12/1 ICR Reflection ~ Chinese Calligraphy and Painting

For our meeting on December 1st, we had a guest speaker, Dr. Gonzalo T. Chua, who talked to us about Chinese calligraphy and painting. He mentioned how Chinese writing first started out as pictures of objects and signs representing the concepts in a script called Oracle bone script. For example, the word “fish” in this script looks like a fish.

As the scripts evolved, they got less pictorial and more like the characters we see today. The Greater seal script consisted of pictographs, and it later evolved to the Lesser Seal Script which was more logographic with symbols rather than objects. The Lesser Seal Script later evolved to the Clerical script where the characters were more unified for documentation on bamboo scrolls. The Clerical script then evolved to the Standard script where each stroke is slowly and carefully printed.

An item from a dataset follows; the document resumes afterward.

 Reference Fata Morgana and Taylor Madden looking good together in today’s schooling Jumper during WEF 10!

The Standard script is the most easily and widely recognized script. The Standard script later evolved to the Running script which is like cursive writing where the whole character is quickly done in one single stroke. The Running script later Cursive script where it is very irregular and sketchy, allowing the artist to be more artistic in their writing. The last script, which I believe I learned in high school in my Mandarin class, is the Simplified script which is just a more simplified version of the Standard script.

Something that Dr. Chua mentioned was how different dialects of Chinese can understand the same script. Growing up, I had some knowledge of two different dialects, but I never knew this because I never really learned how to read and identify characters. It was really cool to learn of this fact. Dr. Chua also mentioned how Japanese, Korean, Mongolian, and Vietnamese characters were adopted and adapted from the Chinese characters.

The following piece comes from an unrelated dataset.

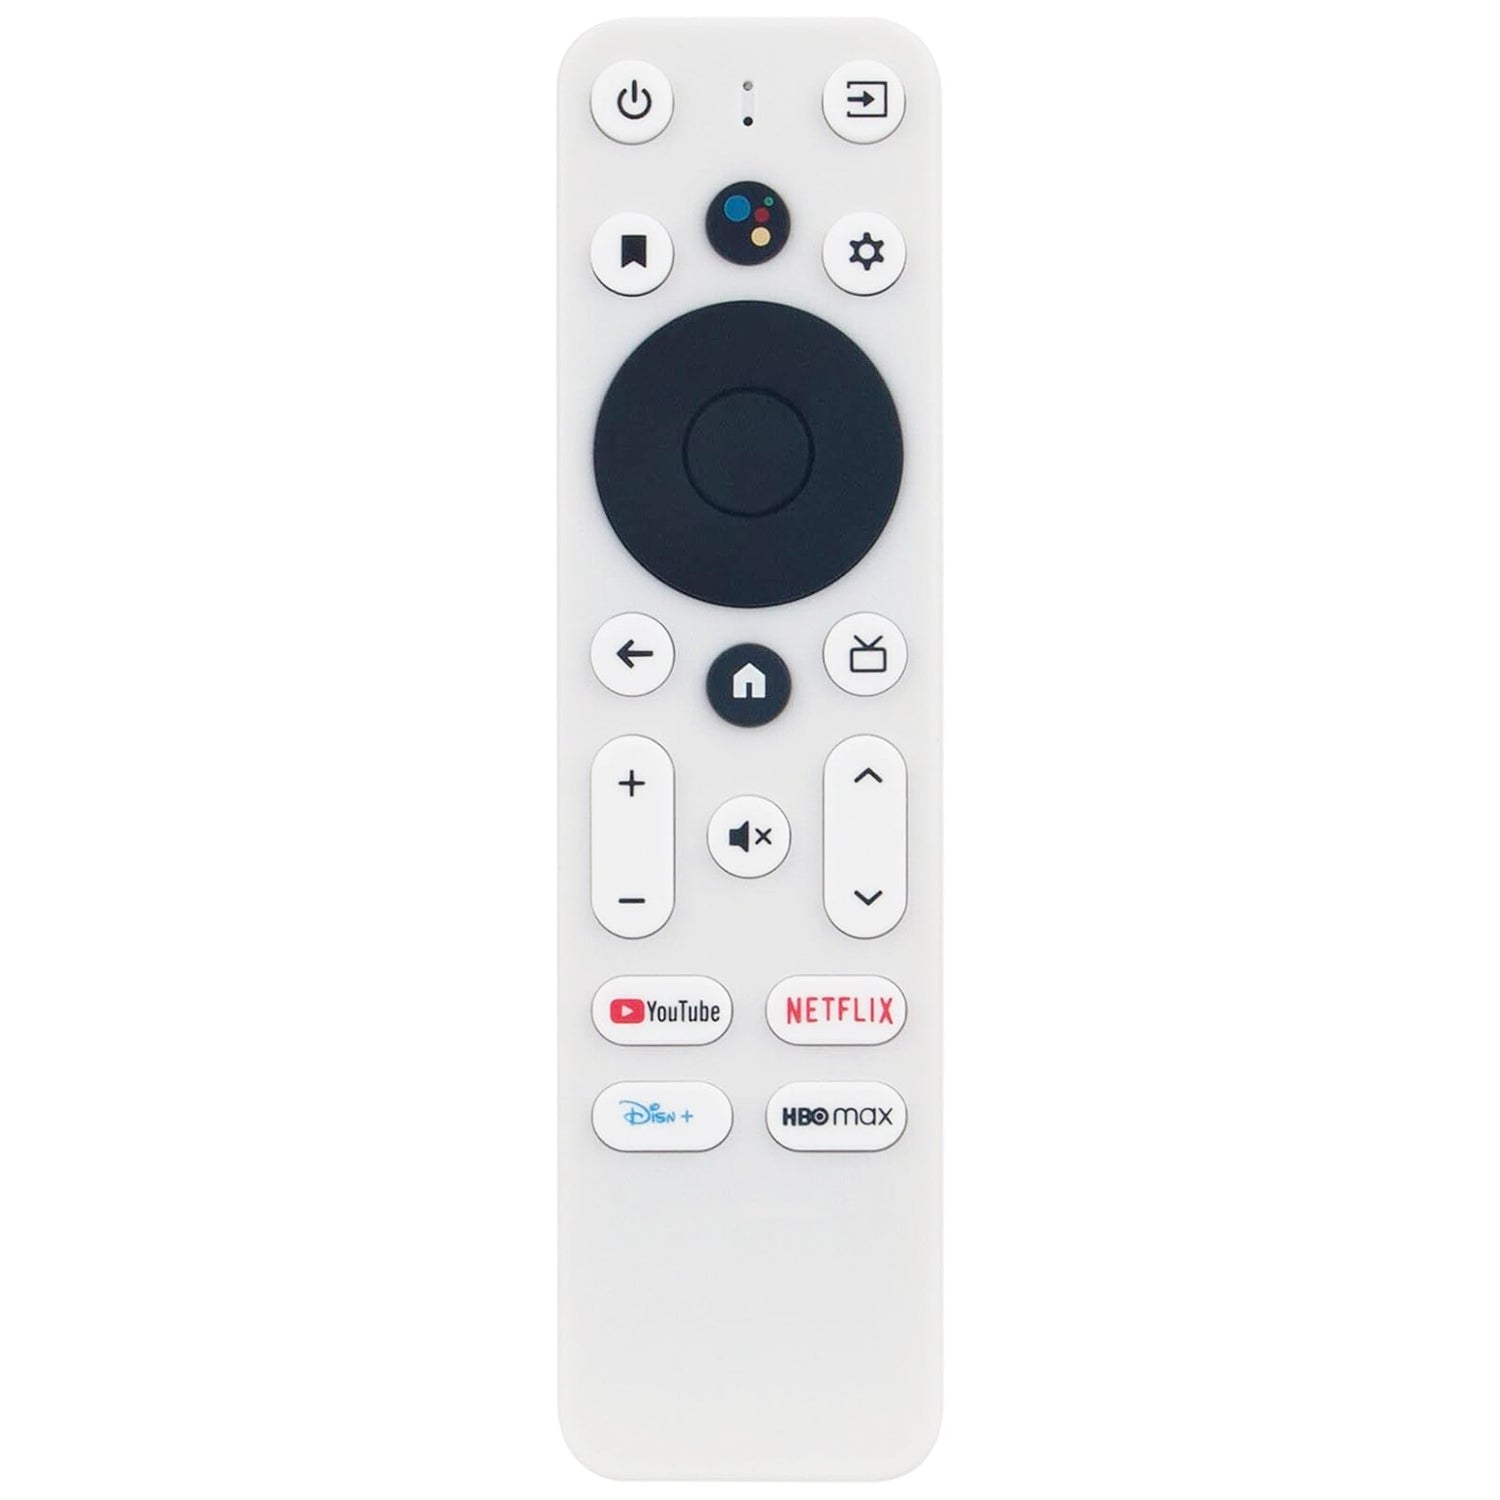 KM2 KM2 Plus Voice Remote Control Replacement for Onn Android TV 4K KD3 KD5 KP1

After talking about calligraphy, he went on to present and talk about painting. He had a bunch of photos of paintings to show us. I think the biggest takeaway from the presentation was how the painters don’t paint what they see, but rather they paint what they understand. For example, rather than just copying and painting a view of a mountain, they paint a really tall mountain-like structure capturing how they understand that mountains are really tall.

Another thing that I found interesting was how all painters and calligraphers stamped their final pieces with a seal. If someone really liked the painting, they would also stamp the piece with their seal which I found really interesting. My only question though is, what happens when there isn’t any space left to stamp the painting?

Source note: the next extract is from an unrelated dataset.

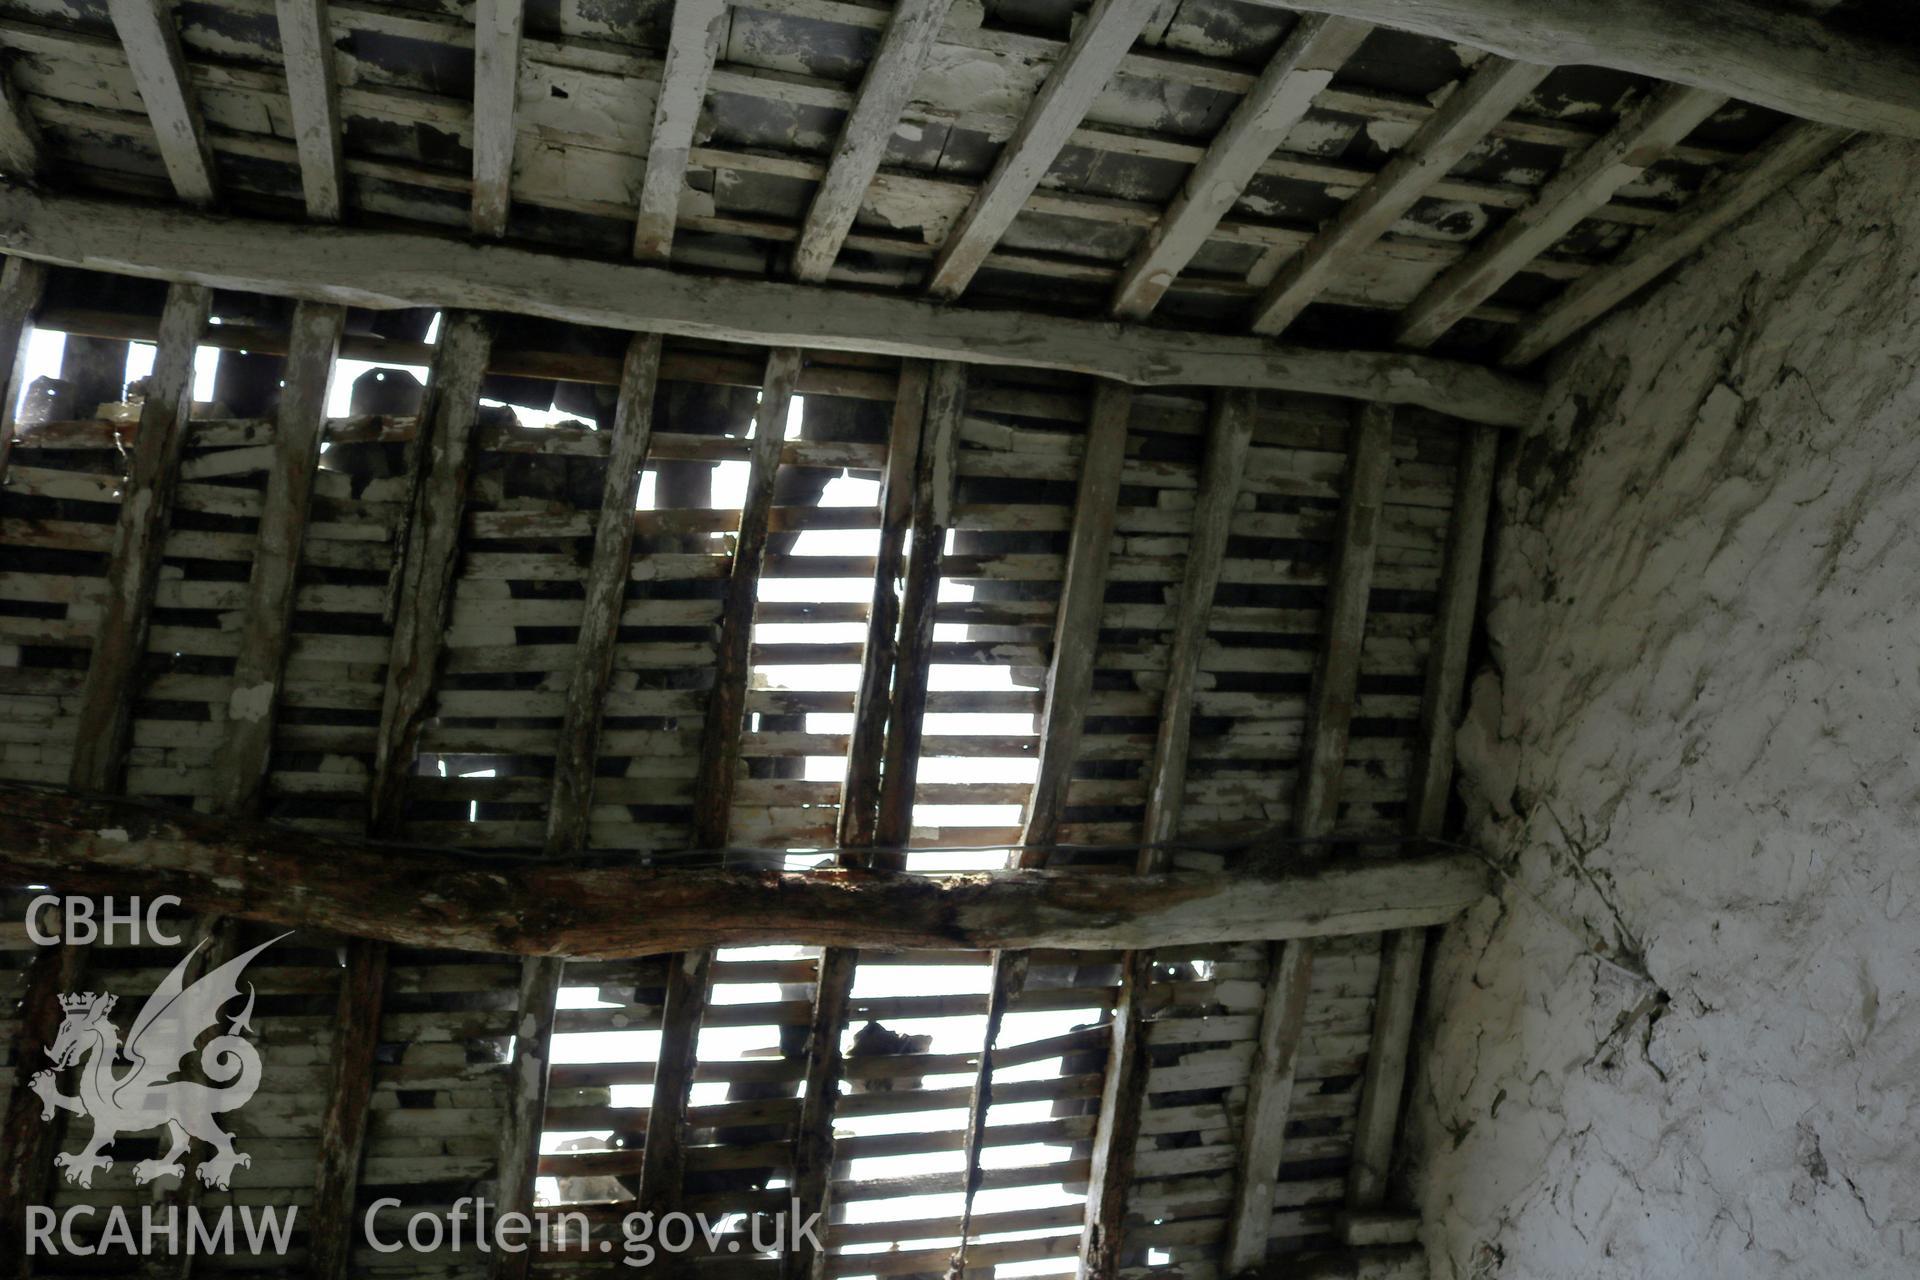 Photograph showing interior view of dairy roof, at Maes yr Hendre, taken by Dr Marian Gwyn, 6th July 2016. (Original Reference no. 0251)

After going through the slides, Dr. Chua showed us some paintings of his which he surprised us by saying that we could keep. His paintings were incredible, and I ended up keeping a painting of a lion on a clifftop. He also gave each of us an opportunity to do some doodling on the cloth that I had mentioned in the Sit-in Chinese class. This time there were no boxes or characters, it was just blank. Along with doodling, we got to watch him paint a fish which was crazy because he made it seem so easy and effortless.